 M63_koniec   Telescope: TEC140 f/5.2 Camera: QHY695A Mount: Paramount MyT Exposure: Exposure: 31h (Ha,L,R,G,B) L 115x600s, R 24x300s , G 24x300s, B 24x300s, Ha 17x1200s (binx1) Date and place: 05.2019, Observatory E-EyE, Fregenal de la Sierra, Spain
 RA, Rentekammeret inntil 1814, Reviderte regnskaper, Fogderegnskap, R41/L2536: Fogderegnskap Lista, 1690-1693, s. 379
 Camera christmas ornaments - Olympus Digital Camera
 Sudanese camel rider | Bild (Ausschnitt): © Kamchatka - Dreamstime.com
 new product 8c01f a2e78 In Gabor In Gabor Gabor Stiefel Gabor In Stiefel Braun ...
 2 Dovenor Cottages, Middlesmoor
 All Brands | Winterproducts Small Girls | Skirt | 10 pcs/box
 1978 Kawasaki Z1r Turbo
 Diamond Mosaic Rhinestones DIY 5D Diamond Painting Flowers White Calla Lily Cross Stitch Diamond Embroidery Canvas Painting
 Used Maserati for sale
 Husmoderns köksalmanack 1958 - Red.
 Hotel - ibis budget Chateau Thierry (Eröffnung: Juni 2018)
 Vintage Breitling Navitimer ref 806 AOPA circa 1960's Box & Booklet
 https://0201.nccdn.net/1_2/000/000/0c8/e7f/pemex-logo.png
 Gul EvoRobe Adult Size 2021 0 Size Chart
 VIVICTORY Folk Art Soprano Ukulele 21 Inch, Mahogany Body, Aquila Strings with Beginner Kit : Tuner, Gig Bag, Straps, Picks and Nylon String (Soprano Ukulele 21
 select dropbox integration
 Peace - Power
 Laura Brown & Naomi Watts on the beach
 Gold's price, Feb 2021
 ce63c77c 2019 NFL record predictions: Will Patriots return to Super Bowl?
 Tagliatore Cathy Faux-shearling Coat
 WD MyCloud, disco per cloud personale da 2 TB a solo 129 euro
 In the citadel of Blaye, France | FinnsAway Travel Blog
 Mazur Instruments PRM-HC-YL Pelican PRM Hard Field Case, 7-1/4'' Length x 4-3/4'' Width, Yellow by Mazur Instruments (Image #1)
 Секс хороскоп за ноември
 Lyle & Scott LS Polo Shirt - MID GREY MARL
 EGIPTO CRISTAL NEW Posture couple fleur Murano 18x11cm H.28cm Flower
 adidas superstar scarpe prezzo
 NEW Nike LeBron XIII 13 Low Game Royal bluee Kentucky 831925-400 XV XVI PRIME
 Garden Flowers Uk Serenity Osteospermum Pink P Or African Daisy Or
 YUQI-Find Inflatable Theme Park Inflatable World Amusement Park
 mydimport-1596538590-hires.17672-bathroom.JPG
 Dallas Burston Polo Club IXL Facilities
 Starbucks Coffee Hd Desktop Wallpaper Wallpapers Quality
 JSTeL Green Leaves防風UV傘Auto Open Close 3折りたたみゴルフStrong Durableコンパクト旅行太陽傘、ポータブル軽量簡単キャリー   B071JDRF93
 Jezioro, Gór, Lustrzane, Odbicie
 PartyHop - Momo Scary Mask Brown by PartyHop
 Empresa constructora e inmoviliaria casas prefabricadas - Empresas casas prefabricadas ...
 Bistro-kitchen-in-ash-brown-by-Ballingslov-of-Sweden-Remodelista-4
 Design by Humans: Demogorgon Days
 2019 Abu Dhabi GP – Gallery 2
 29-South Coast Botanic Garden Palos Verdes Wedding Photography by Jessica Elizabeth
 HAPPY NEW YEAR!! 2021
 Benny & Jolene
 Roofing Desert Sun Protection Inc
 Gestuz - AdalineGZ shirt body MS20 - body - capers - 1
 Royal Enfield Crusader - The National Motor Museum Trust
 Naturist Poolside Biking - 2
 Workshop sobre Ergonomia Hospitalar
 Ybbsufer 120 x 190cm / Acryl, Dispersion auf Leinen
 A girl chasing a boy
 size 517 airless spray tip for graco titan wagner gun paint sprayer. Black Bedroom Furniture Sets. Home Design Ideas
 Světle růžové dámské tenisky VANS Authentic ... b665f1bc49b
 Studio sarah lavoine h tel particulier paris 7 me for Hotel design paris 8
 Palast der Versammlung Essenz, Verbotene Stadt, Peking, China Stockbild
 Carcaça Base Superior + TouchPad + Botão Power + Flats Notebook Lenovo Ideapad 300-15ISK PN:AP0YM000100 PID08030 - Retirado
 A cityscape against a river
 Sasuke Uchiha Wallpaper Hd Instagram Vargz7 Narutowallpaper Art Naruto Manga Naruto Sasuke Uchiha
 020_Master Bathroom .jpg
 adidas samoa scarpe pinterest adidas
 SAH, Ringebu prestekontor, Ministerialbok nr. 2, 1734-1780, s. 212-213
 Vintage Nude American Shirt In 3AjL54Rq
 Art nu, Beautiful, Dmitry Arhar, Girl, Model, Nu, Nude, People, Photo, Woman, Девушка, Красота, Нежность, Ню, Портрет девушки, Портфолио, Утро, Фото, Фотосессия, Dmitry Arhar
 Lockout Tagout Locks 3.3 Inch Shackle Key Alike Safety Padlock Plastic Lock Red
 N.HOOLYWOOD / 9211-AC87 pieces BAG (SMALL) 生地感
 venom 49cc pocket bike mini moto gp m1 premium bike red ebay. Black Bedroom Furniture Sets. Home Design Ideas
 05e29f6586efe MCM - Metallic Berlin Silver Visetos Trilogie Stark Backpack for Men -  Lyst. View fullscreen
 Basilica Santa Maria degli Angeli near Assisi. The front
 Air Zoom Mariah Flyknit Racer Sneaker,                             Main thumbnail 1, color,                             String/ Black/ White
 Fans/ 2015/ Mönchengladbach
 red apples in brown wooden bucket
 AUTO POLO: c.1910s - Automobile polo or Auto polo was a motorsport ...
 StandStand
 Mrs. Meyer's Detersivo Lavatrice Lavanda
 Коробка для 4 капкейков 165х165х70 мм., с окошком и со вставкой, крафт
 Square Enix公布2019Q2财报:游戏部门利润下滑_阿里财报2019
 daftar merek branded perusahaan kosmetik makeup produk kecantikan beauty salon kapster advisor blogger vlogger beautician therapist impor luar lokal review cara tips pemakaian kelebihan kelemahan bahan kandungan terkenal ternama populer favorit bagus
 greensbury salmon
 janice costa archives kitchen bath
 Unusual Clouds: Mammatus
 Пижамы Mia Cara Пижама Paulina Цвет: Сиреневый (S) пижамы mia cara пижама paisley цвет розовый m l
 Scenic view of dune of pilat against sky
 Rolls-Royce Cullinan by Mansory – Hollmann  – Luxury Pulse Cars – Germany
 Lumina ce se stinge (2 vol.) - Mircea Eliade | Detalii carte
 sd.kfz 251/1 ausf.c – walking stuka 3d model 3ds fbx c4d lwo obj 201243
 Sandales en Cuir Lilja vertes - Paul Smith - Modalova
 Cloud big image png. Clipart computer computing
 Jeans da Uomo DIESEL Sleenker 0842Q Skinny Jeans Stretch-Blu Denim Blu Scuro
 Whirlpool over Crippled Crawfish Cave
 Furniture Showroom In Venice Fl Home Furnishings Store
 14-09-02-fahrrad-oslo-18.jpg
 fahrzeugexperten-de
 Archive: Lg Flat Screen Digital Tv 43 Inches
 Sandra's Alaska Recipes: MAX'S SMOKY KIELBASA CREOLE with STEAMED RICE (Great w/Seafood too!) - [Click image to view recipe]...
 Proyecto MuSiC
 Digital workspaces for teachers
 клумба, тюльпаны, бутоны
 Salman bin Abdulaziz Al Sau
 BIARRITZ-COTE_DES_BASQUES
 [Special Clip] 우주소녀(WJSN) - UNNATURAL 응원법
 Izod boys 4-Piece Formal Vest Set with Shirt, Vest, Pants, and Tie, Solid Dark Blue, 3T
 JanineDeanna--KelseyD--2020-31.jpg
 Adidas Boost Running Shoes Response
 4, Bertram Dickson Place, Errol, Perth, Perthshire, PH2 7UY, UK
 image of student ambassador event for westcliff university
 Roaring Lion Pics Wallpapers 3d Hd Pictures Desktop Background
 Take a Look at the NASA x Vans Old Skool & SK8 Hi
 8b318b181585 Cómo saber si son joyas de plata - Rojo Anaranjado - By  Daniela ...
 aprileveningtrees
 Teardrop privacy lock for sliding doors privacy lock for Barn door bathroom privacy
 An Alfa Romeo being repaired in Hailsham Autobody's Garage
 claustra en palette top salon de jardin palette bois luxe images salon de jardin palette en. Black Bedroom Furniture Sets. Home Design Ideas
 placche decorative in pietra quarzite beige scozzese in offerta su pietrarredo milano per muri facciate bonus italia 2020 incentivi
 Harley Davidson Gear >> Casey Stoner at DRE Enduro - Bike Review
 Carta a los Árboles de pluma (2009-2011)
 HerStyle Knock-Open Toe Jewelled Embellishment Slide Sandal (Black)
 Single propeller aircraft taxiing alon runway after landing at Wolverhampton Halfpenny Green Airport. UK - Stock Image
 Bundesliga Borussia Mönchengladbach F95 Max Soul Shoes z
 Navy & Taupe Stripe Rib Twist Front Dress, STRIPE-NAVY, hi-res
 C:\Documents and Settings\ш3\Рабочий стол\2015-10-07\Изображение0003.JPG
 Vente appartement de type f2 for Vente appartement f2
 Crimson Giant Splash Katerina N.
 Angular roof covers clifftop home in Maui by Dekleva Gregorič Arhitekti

◇ ◇ ◇

## WHAT THE TASK ASKS
Would you copy out exactly the lines above that start at the one containing "2 Dovenor Cottages, Middlesmoor" and end at the one containing "adidas superstar scarpe prezzo", inclusive?

## ANSWER BOX
 2 Dovenor Cottages, Middlesmoor
 All Brands | Winterproducts Small Girls | Skirt | 10 pcs/box
 1978 Kawasaki Z1r Turbo
 Diamond Mosaic Rhinestones DIY 5D Diamond Painting Flowers White Calla Lily Cross Stitch Diamond Embroidery Canvas Painting
 Used Maserati for sale
 Husmoderns köksalmanack 1958 - Red.
 Hotel - ibis budget Chateau Thierry (Eröffnung: Juni 2018)
 Vintage Breitling Navitimer ref 806 AOPA circa 1960's Box & Booklet
 https://0201.nccdn.net/1_2/000/000/0c8/e7f/pemex-logo.png
 Gul EvoRobe Adult Size 2021 0 Size Chart
 VIVICTORY Folk Art Soprano Ukulele 21 Inch, Mahogany Body, Aquila Strings with Beginner Kit : Tuner, Gig Bag, Straps, Picks and Nylon String (Soprano Ukulele 21
 select dropbox integration
 Peace - Power
 Laura Brown & Naomi Watts on the beach
 Gold's price, Feb 2021
 ce63c77c 2019 NFL record predictions: Will Patriots return to Super Bowl?
 Tagliatore Cathy Faux-shearling Coat
 WD MyCloud, disco per cloud personale da 2 TB a solo 129 euro
 In the citadel of Blaye, France | FinnsAway Travel Blog
 Mazur Instruments PRM-HC-YL Pelican PRM Hard Field Case, 7-1/4'' Length x 4-3/4'' Width, Yellow by Mazur Instruments (Image #1)
 Секс хороскоп за ноември
 Lyle & Scott LS Polo Shirt - MID GREY MARL
 EGIPTO CRISTAL NEW Posture couple fleur Murano 18x11cm H.28cm Flower
 adidas superstar scarpe prezzo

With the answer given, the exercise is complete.